During this period, all groups of banks witnessed a notable increase in the amount of unsecured loans and the ratio of unsecured loans to total loans. In aggregate, unsecured loans posted a Compound Annual Growth Rate (CAGR) of 16.07%, with NPvBs leading at 24.31%, followed by OPvBs at 20.12%, and PSBs at 12.27%.
The growth of the unsecured loans to total loans (ULs/TLs) ratio accelerated, especially from 2015-16 onwards. Several factors contributed to this trend, including the government's focus on financial inclusion through initiatives like Pradhan Mantri Jan-Dhan Yojana, increased use of digital payment methods (especially credit cards) after the demonetization drive, resurgence of microfinance post the 2010 crisis, the launch of the Credit Guarantee Fund Scheme for Education Loans (CGFSEL), competition from fintech companies, and banks' efforts to protect or improve their net interest margins.
Additionally, the relaxed lending regime following the COVID-19 pandemic, growing consumerism even in rural areas due to income generation and Direct Benefit Transfer, played a role in the surge of unsecured loans.
Changing Market Dynamics
The share of PSBs in the total unsecured loans market experienced a significant decline during the decade, falling from 76% to 56%. This decline was counterbalanced by NPvBs, whose share rapidly increased from 22% to 40%. However, in 2022 and 2023, PSBs made gains, and NPvBs lost some of their market share.
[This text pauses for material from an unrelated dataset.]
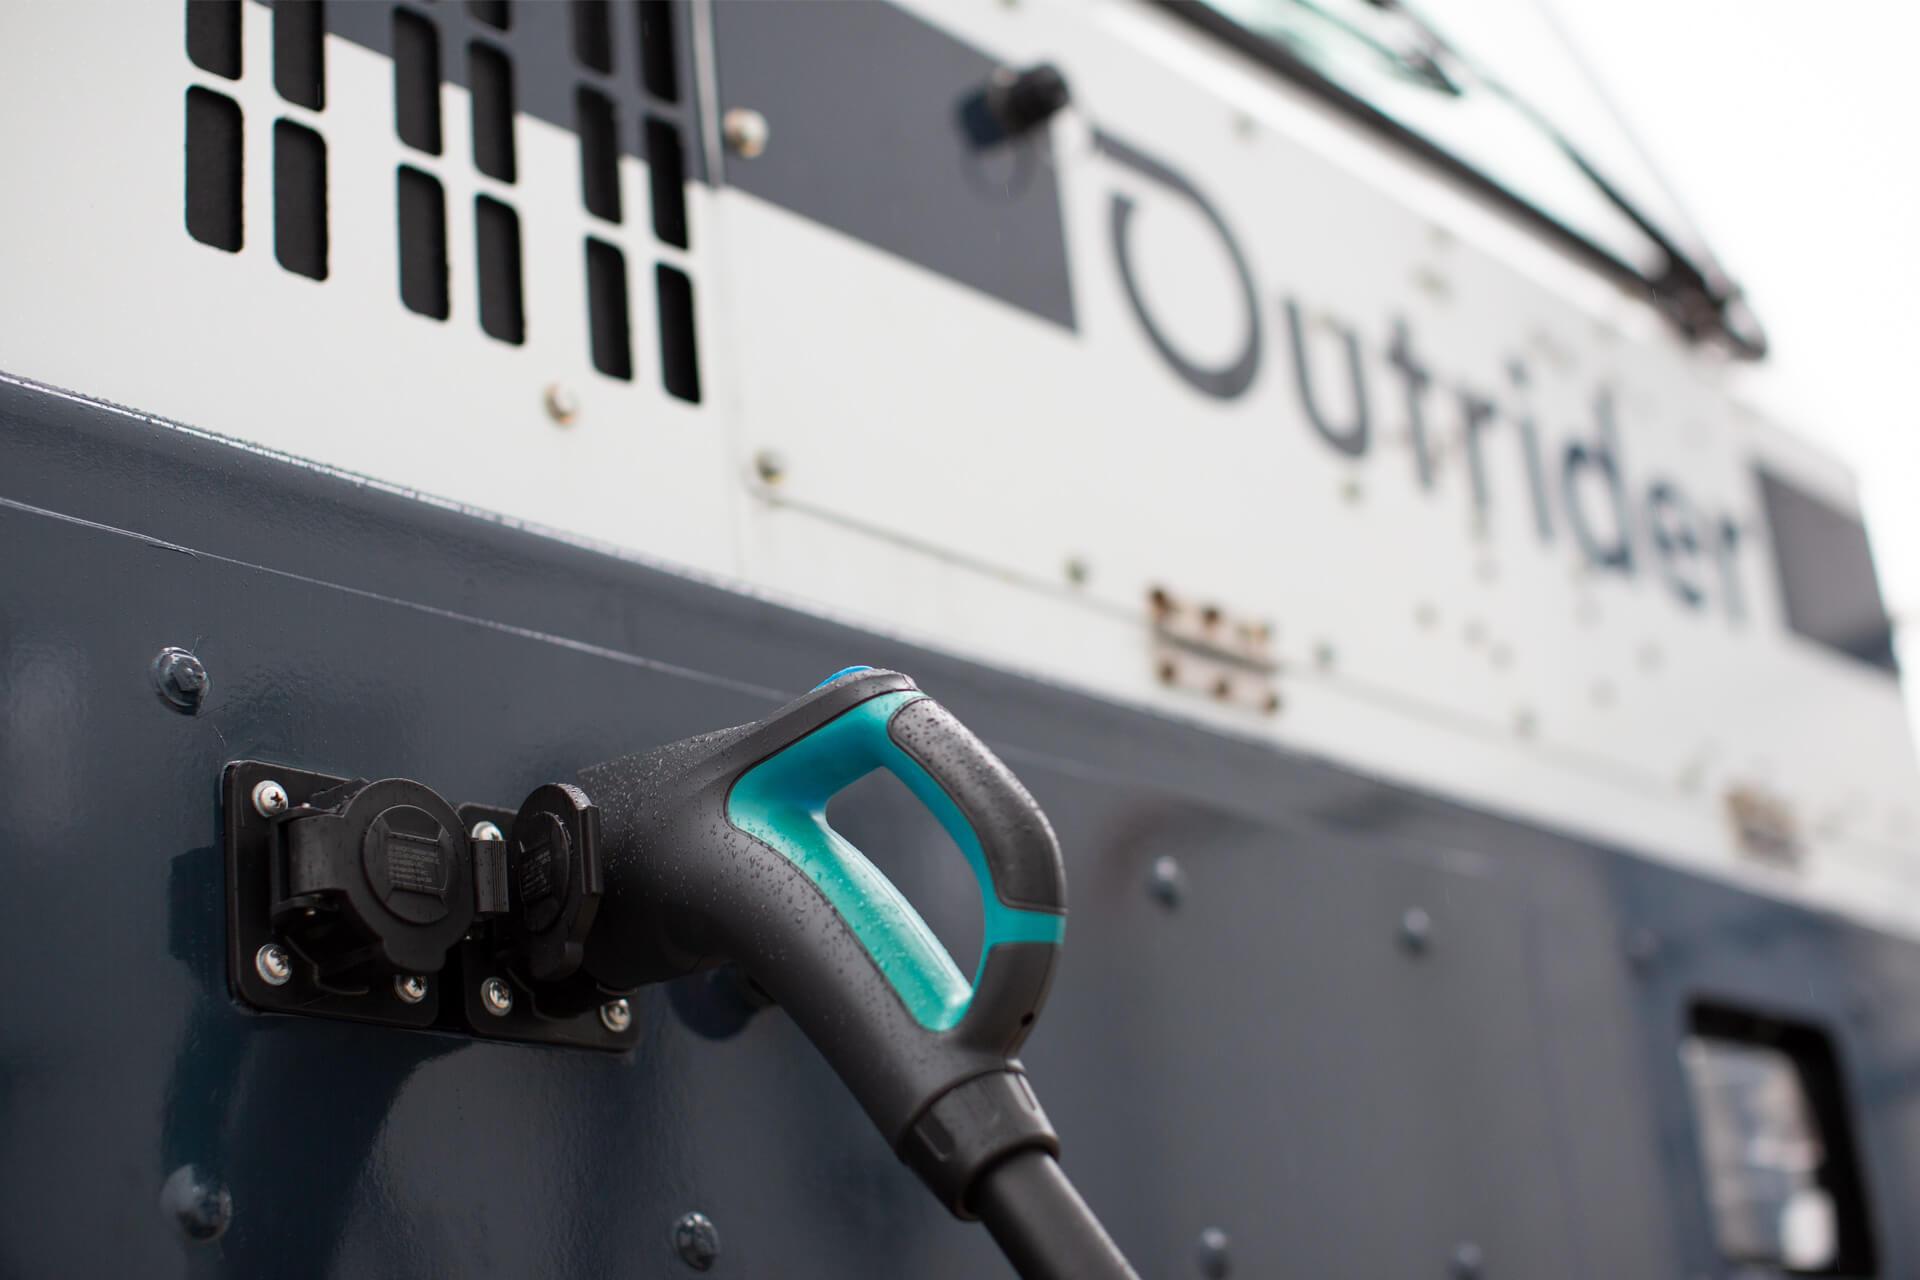 Outrider raises $65 million to bring its autonomous tech to distribution yards – TechCrunch

OPvBs remained marginal players in this landscape.
Controlling Unsecured Loans: The Need for Caution
The growth of unsecured loans raises valid concerns. Firstly, easy access to such loans can potentially lead to increased societal indebtedness. Secondly, if borrowers have unsecured loans from different lenders, they may prioritize repaying secured loans or loans from private lenders in the event of financial crisis. Defaults on one unsecured loan can have a "contagious" effect on other lenders.
To mitigate the contagion risk, banks should ensure that borrowers have multiple relationships with the bank, both as depositors and borrowers with multiple facilities. Transaction routing through deposit or loan accounts in the bank can enable the invocation of a "set-off" clause in case of default.
In conclusion, unsecured loans have become a significant part of India's lending landscape, driven by various factors. However, prudent measures are essential to ensure the responsible growth of unsecured loans. Tightening regulations, monitoring borrower relationships, and promoting financial literacy can help strike a balance between expanding access to credit and managing associated risks. Unsecured loans can be a valuable financial tool when used judiciously, but their unchecked proliferation can pose challenges for both borrowers and lenders.